Unless you have a completely open and inflated P.C., it has no sense talking about any drag force, so, the drag forces reported for very small delays, unless you have a circular spring loaded P.C. fully open and inflated and very far from your burble, are just mathematical numbers, with no meaning.

One thing is for sure: if you have both a 48” fully open and inflated and a 28” fully open and inflated, at any given delay for which such a condition holds true, it is true that drag force of 48” is 3 times the drag force of 28”.

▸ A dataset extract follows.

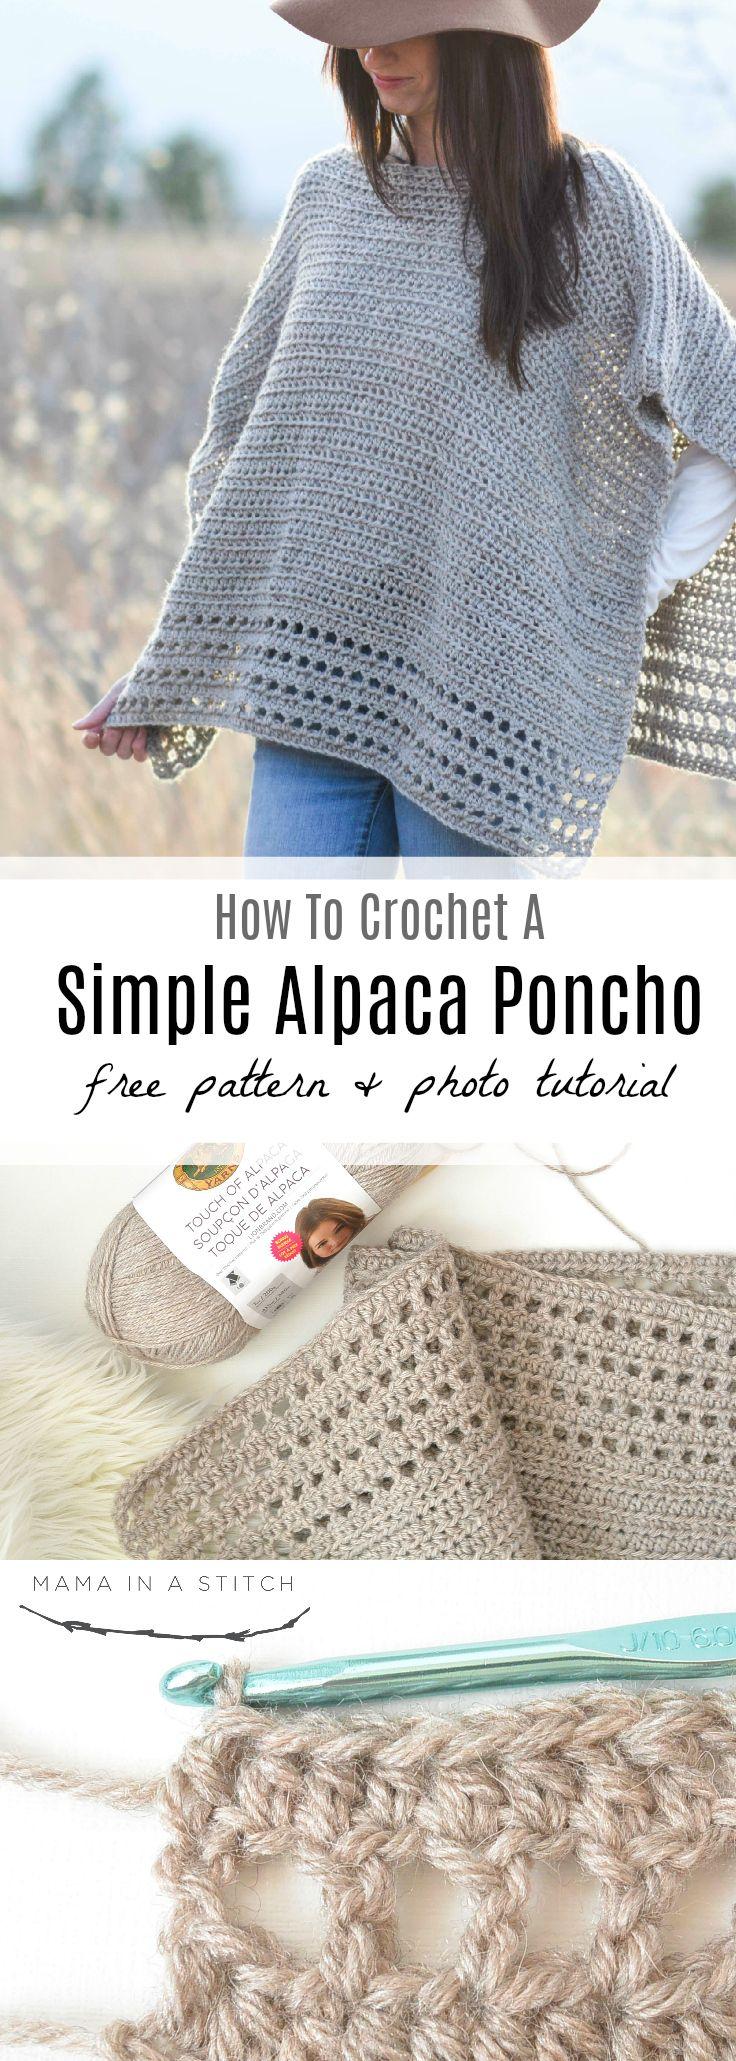 Light Alpaca Poncho Crochet Pattern | Tejido creativo | Pinterest ...
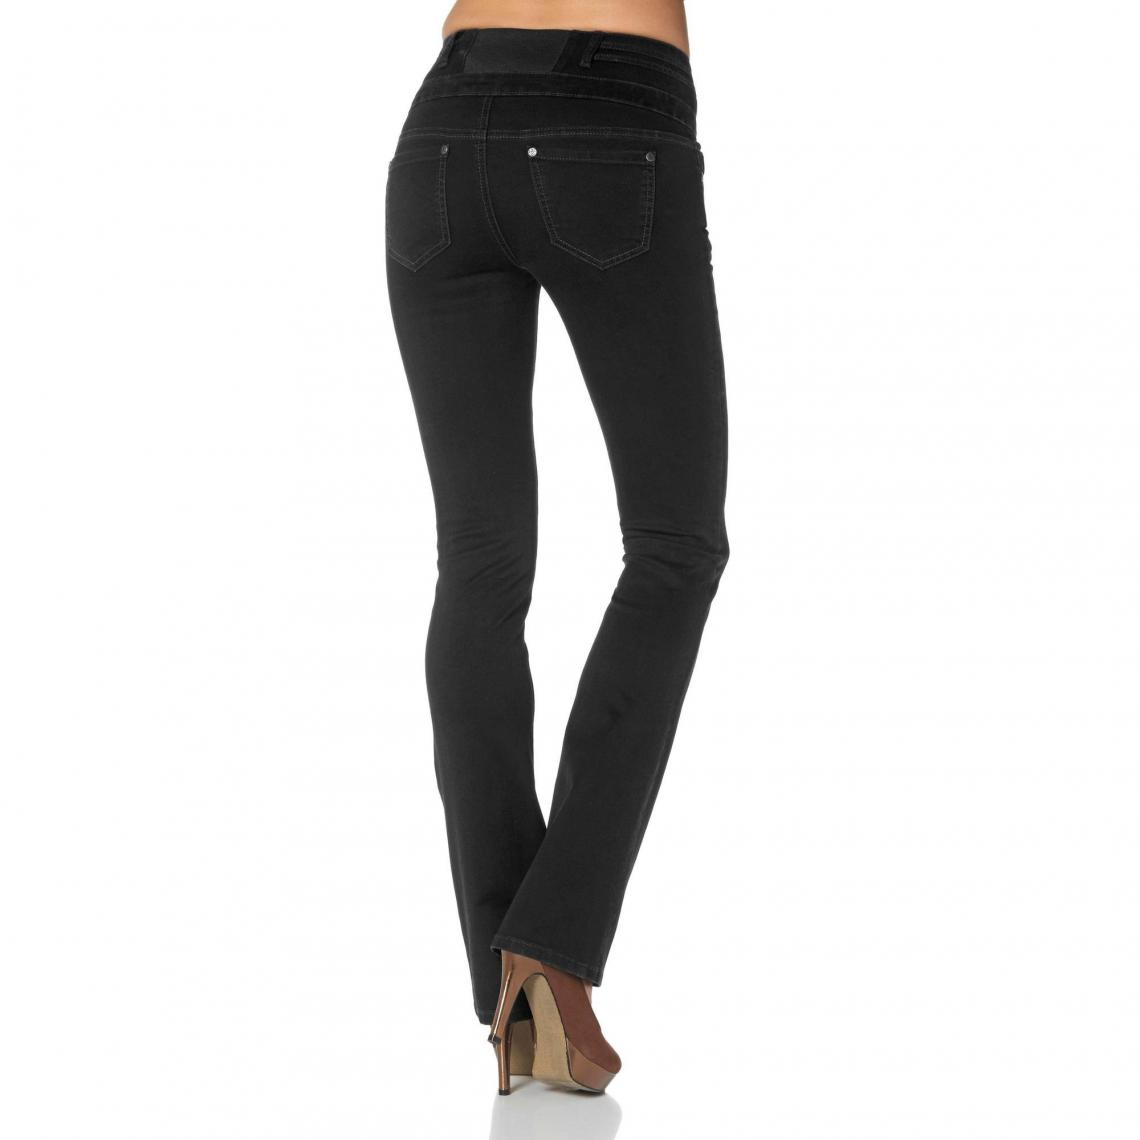 2fdc121d8f352 Jean bootcut taille haute stretch femme Arizona - Noir Arizona Femme

So, if you have a fully open and inflated P.C., look at the table and read the relevant drag force (still the “diminishing factor” remaing pending…); if you have a P.C. still not inflated, you do not have a P.C., above your head you have only scrap fabric hanging around your burble.

Of course, experimental results would help the thread, probably generating a “diminishing factor” of 2 or so; still I think it holds the truth of above table if read in a “relative” way.

Blue skies

Andrea Checchia

Many years ago I did some really fun pilot chute tests with the guys from the Relative Workshop in Deland. It was around 1979 or 80 and the emphasis was on less pack volumne and ease of manufacture. One of the most curious things we discovered were some pilot chutes made entirely of 1.1 rip-stop that had patterns of holes cut in the lower surface to allow for inflation. There were several different shapes including round, square and octagonal. These different itterations were amazingly strong pulling, far stronger than comparable ones with mesh. They were really tiny and easy to make. Their fatal flaw was they wouldn't inflate worth a damn. Once they did though watch out... the snatch force was higher than anything we'd previously used. Many of the experimental models never made it further than out the back of a pick-up truck.

There were a lot of figures taken with the fish scale but I wouldn't think any have survived as a retrieveable document.